To be fair, it's not as bad as many might tell you it is, and it's true that even in 1976, many noteworthy critics gave it praise. This critic, on the other hand, was two years old, and still carried around my "Teddy Frog"... but probably only because no one bought me a giant ape toy.

Screenwriter Lorenzo Semple Jr. (who, to put this into perspective, also "brung" us 1966's Batman: The Movie and 1980's Flash Gordon) amps up the "sympathetic Kong" aspect of the original film, while planting the whole shebang firmly into the 1970's, still rife with gasoline shortages, Watergate and, most tragically, the official registering of an upstart company called Microsoft. Where allegory was subtle in the 1933 version, this one throws metaphor in your face like a Three Stooges Creme Pie! This time, instead of a thrill hungry movie producer, we're given an oil-ravenous Petroleum company, whose expedition leads (Charles Grodin's Fred Wilson and Rene Auberjonois' Roy Bagley) have found a permanent fog bank that just might be hiding the mother lode of all Black Gold deposits. It's Jeff Bridges' semi-hippie professor stowaway named Jack Prescott who thinks it just might be hiding something else. I'll give you a hint, it's bigger than Ron Jeremy, and almost as hairy.

Now, because they had to get a hot chick in Kong's hand somehow, a raft conveniently floats up to their big, fat hunk o' tanker containing the incredibly hot Dwan (Jessica Lange in her lusciously lip-licking debut). They ought to have a snapshot of that scene on the Webster's Dictionary definition of "contrived", especially because she seems so very unperturbed to be the sole survivor of an exploded yacht filled with several hundred of her closest friends. Hey, it's okay, because she's about to have a shoulder to cry on. A shoulder the size of a Chrysler Airflow with enough fur on it to clothe the Gabor Sisters!

The interesting and engrossing (if admittedly flawed) opening act is somehow spoiled by the appearance of the title character, this time represented as a dude in a hairy leather suit (accompanied by a couple of gloved cranes) who looks and acts a lot like Bigfoot, but without the mystery... or personal hygiene.
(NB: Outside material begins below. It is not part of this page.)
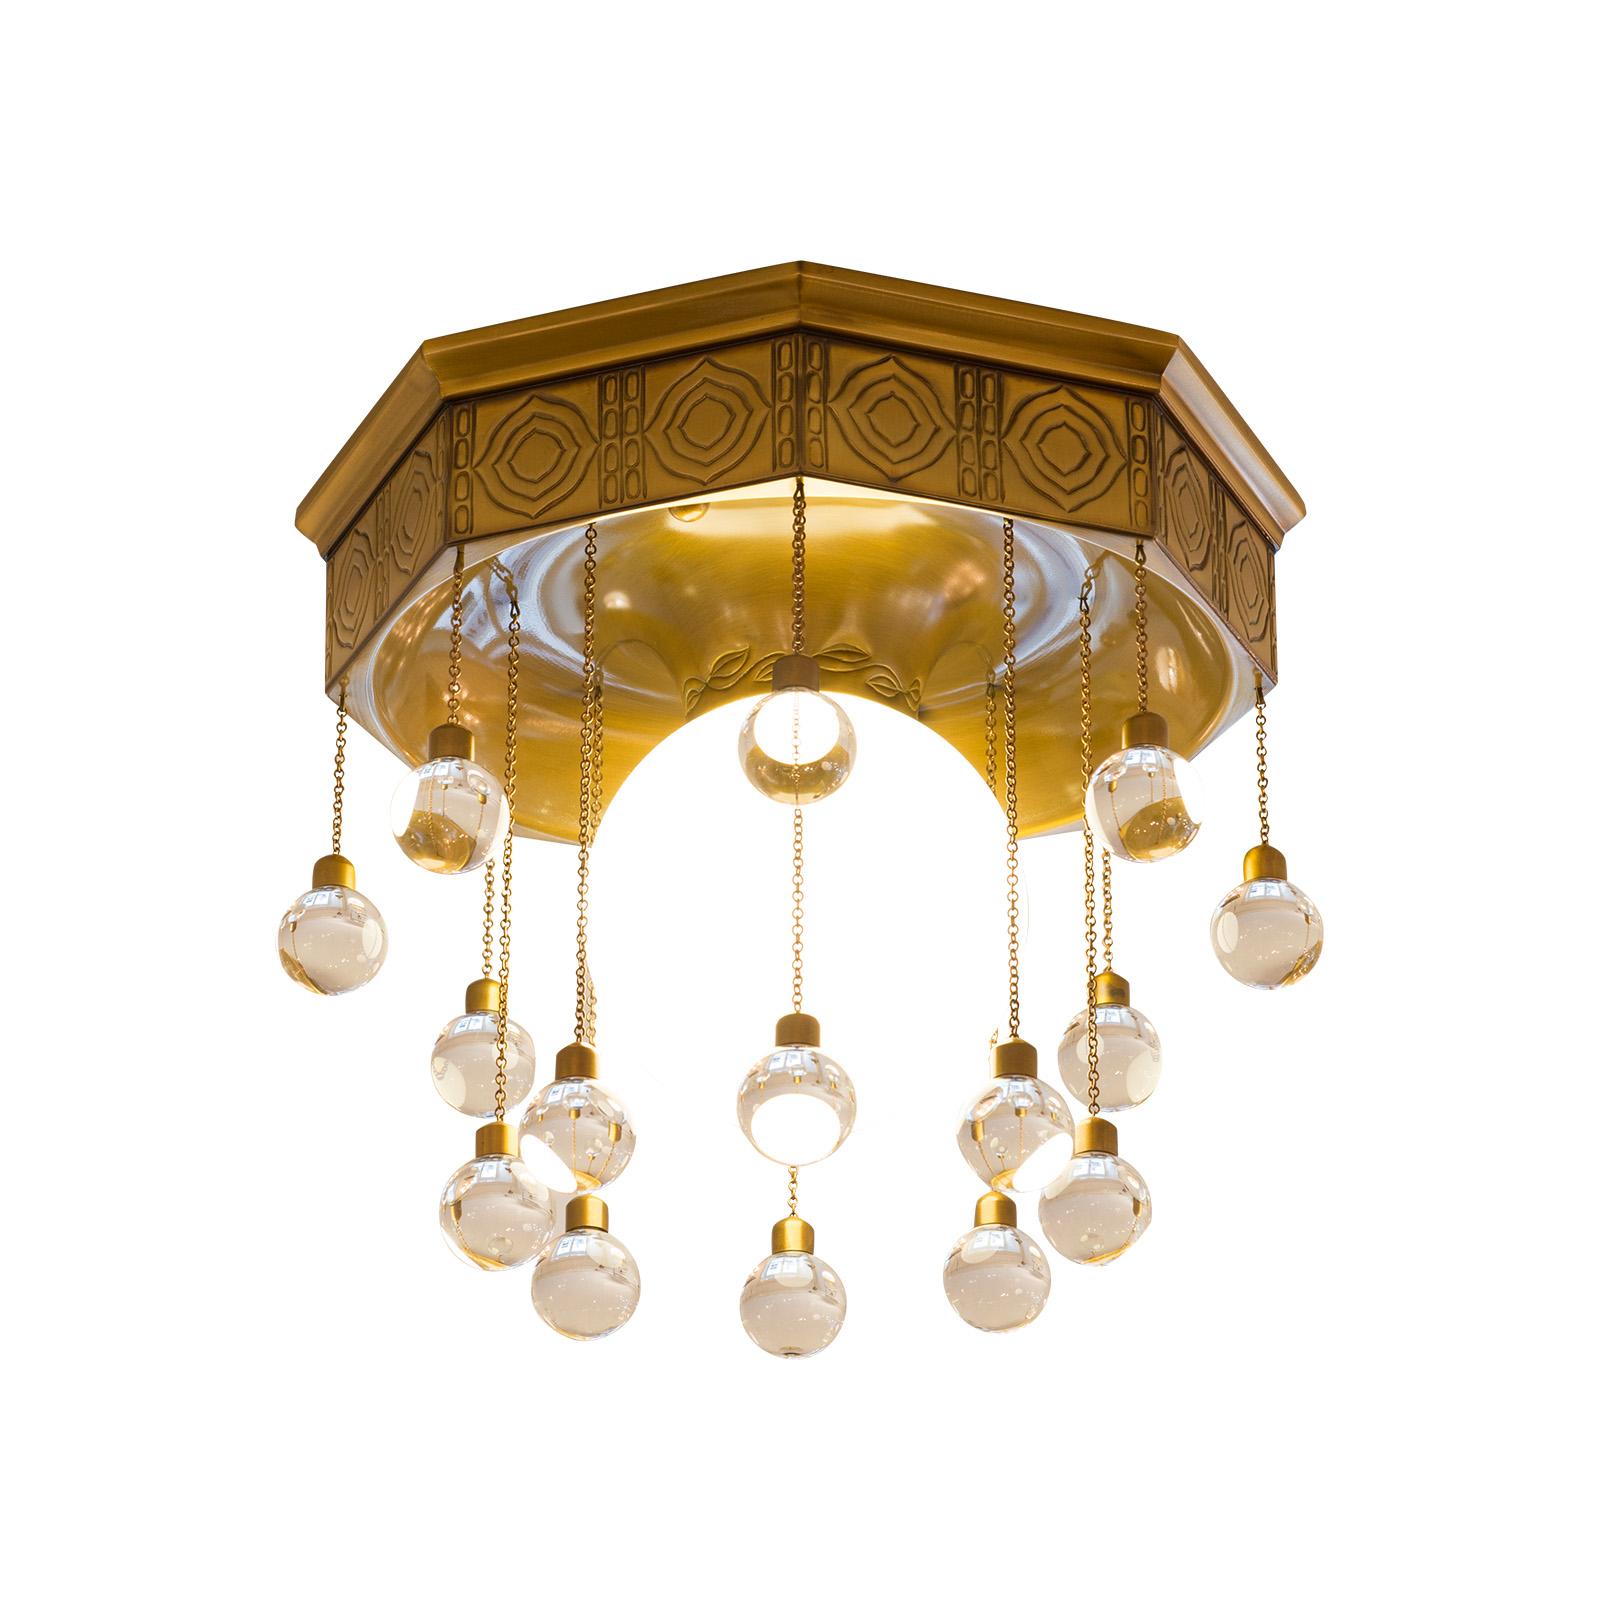 Austrian Josef Hoffmann & Wiener Werkstätte Stoclet Palais, Ceiling Lamp Brass Re-Edition For Sale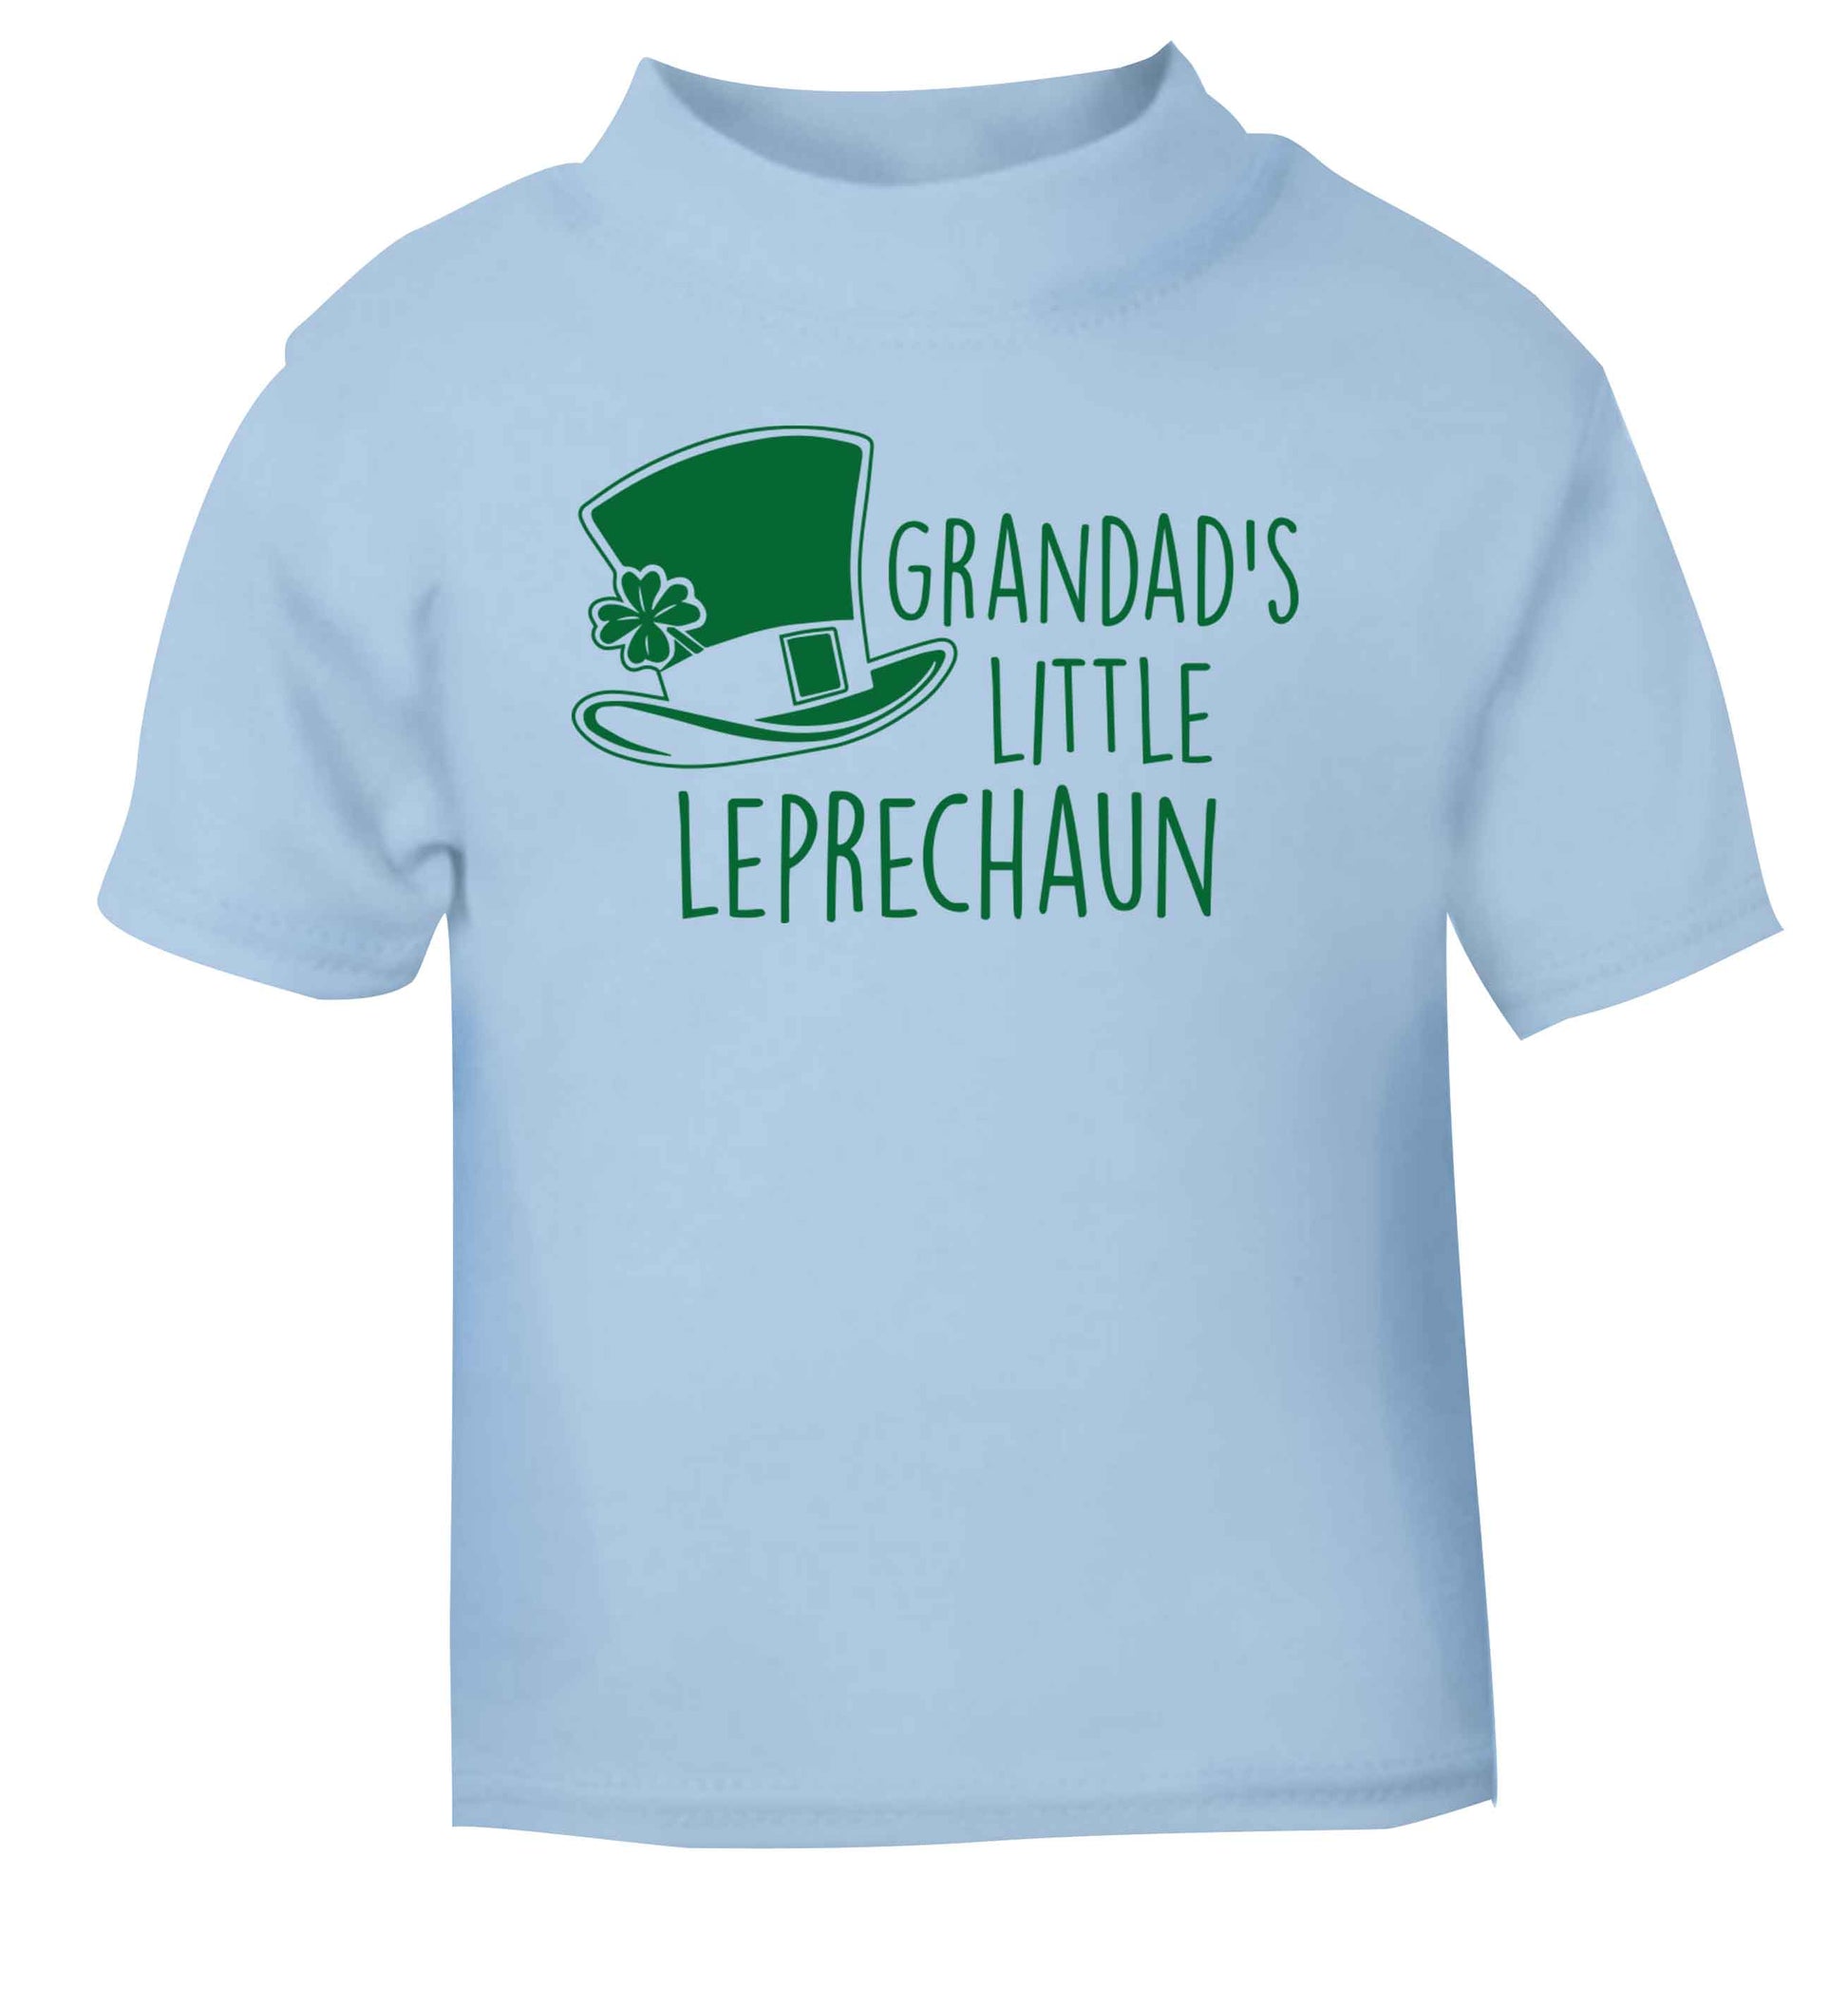 Grandad's little leprechaun light blue baby toddler Tshirt 2 Years

The same unflatteringly portrayed natives from the first flick are here in their dancing glory, just ready to offer unto their god a "golden woman." Meanwhile the Petrox Oil Comic Foils see green instead of black on the island, and decide to gank our leading man for one monster of a publicity campaign. Professor Bridges, whose character goes from protester to sell-out and back at the scribble of a pen, hangs around to offer a discouraging word or two before acquiescing like a Democrat in congress!

You pretty much know what's going to happen from this point on out (right up to the substitution of the World Trade Center's twin towers for the Empire State Building), but if you've made it this far, it's pretty cool to stay through to watch New York go Apeshit!

Director John Guillermin, qualified for having brought us both The Towering Inferno and Tarzan's Greatest Adventure, does have quite the eye for this kind of thing, both on the "Island of the Skull" and when our very silly simian becomes the biggest thing to hit Broadway since Guys and Dolls. Still, there is the feeling that he knows he's directing a campy film, and just doesn't want to fight it, even as the Academy Award-nominated cinematography by Richard H. Kline and the appropriately bold musical score by John Barry work toward legitimizing the whole thing.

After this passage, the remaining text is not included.